- Investors alleged JPM ignored red flags about Ponzi scheme
- Judge rules investors sued too late and didn’t make a case
An investor suit claiming JPMorgan Chase & Co. ignored red flags about Bernard Madoff’s Ponzi scheme and profited from doing business with the con man was dismissed by a federal judge in New York.
The investors waited too long to sue and failed to show that JPMorgan had any control over Madoff’s actions, U.S. District Judge John Koeltl ruled Wednesday.

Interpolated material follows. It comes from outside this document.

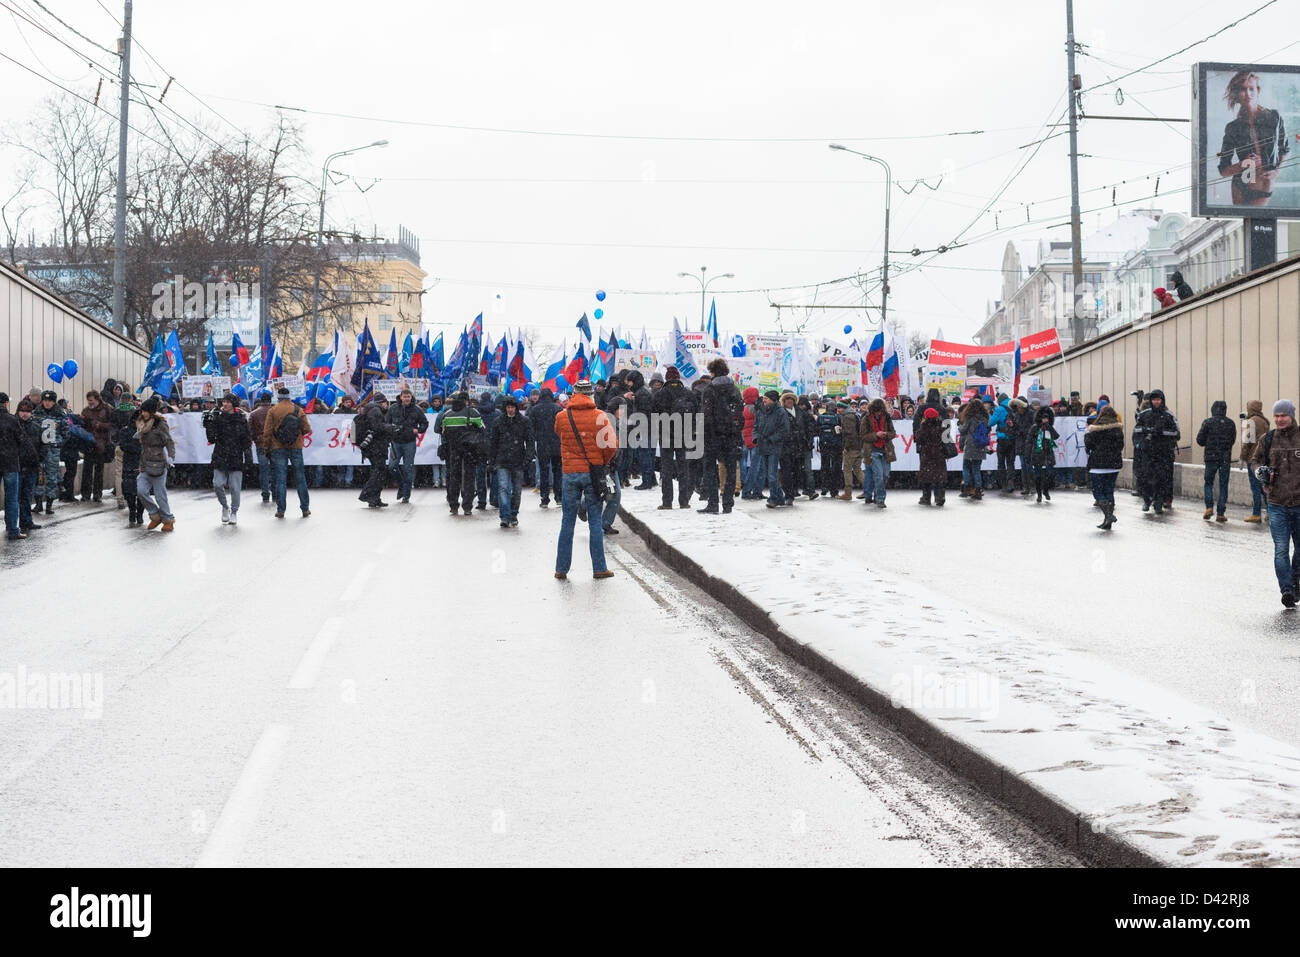 Federación de manifestantes manifestación en apoyo de los EE.UU. aprobación de la prohibición. Moscú, 2 de marzo de 2013 Foto de stock

Investors filed a series of lawsuits against the JPMorgan after the bank paid $1.7 billion to settle government charges that it failed to take proper steps to stop Madoff’s fraud. The bank also shelled out $350 million for failing to report Madoff’s suspicious activities and more than $500 million to resolve litigation spawned by the scheme.
In the lawsuit thrown out Wednesday, about 2,500 former Madoff customers who withdrew more money from their accounts with Madoff than they invested claimed JPMorgan was “actively complicit” in his conduct and could have put an end to the fraud by ending its banking relationship with him. Such net winners have generally been forced by courts to return fake profits.
"These allegations, at most, support an inference that JPMorgan had constructive, not actual, knowledge of the Madoff Ponzi scheme and that JPMorgan and its employees were negligent, not fraudulent," Koeltl said.
Brian Marchiony, a spokesman for JPMorgan, said the bank was pleased with the decision.
Madoff is serving 150 years in a federal prison in North Carolina after pleading guilty to fraud in 2009.
The case is Friedman v. JPMorgan Chase & Co.,15-cv-5899, U.S. District Court, Southern District of New York (Manhattan).